From 5dd6f761dc9cb22ddd26a98e96dbc838b4a16f8a Mon Sep 17 00:00:00 2001
From: Abhey Rana <abhey.mnnit@gmail.com>
Date: Mon, 23 Jan 2023 19:32:26 +0530
Subject: [PATCH 4/6] Markdownn liniting fixes

---
 phoenix5-spark3/README.md | 65 +++++++++++++++++++++++++++------------
 1 file changed, 46 insertions(+), 19 deletions(-)

diff --git a/phoenix5-spark3/README.md b/phoenix5-spark3/README.md
index 90ba3b7d..84dd8707 100644
--- a/phoenix5-spark3/README.md
+++ b/phoenix5-spark3/README.md
@@ -14,17 +14,23 @@ WITHOUT WARRANTIES OR CONDITIONS OF ANY KIND, either express or implied.
 See the License for the specific language governing permissions and
 limitations under the License.
 -->
+# Phoenix5-Spark3 Connector
 
-The phoenix5-spark3 plugin extends Phoenix's MapReduce support to allow Spark to load Phoenix tables as DataFrames,
-and enables persisting DataFrames back to Phoenix.
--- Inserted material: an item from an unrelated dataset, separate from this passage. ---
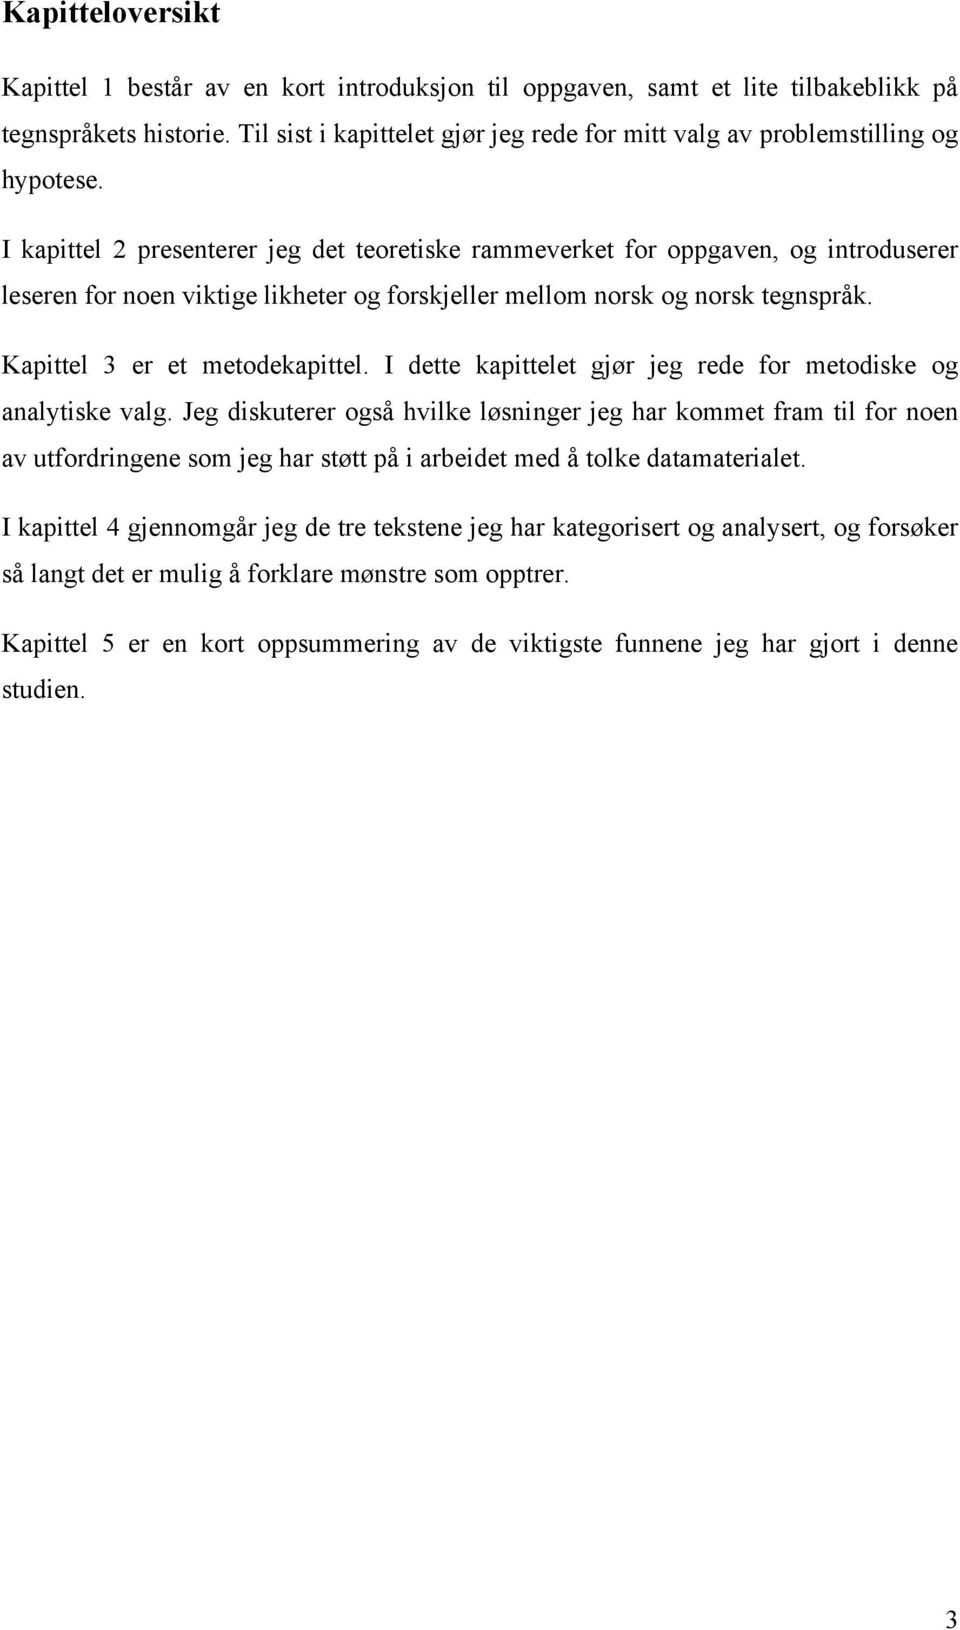 I kapittel 2 presenterer jeg det teoretiske rammeverket for oppgaven, og introduserer leseren for noen viktige likheter og forskjeller mellom norsk og norsk tegnspråk. Kapittel 3 er et metodekapittel.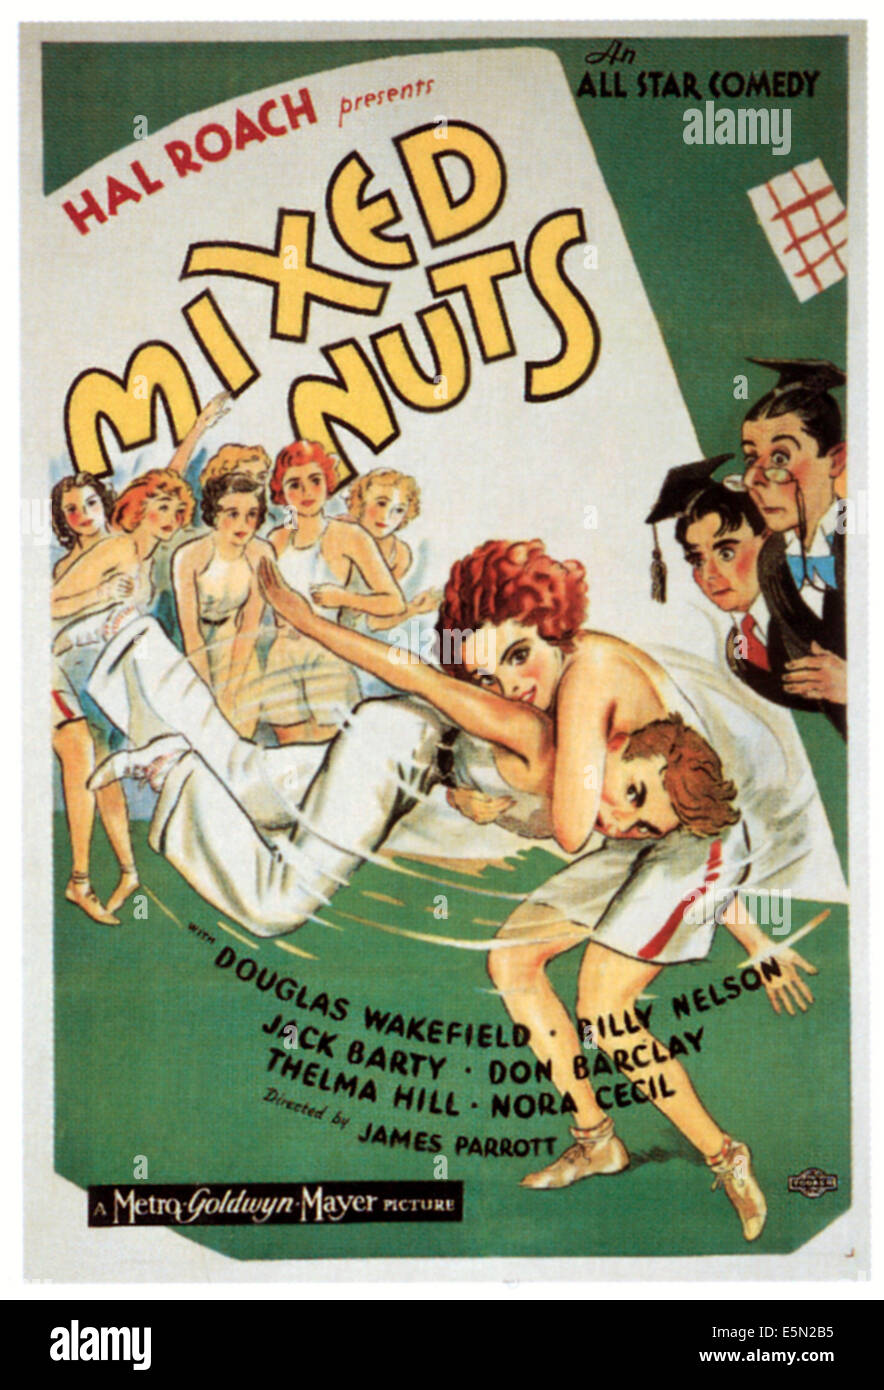 MIXED NUTS, 1934. Stock Photo

+The phoenix5-spark3 plugin extends Phoenix's MapReduce support to allow Spark
+ to load Phoenix tables as DataFrames,
+ and enables persisting DataFrames back to Phoenix.
 
 ## Pre-Requisites
+
 * Phoenix 5.1.2+
 * Spark 3.0.3+
 
 ## Why not JDBC?
 
-Although Spark supports connecting directly to JDBC databases, it’s only able to parallelize queries by partioning on a numeric column. It also requires a known lower bound, upper bound and partition count in order to create split queries.
+Although Spark supports connecting directly to JDBC databases,
+ It’s only able to parallelize queries by partioning on a numeric column.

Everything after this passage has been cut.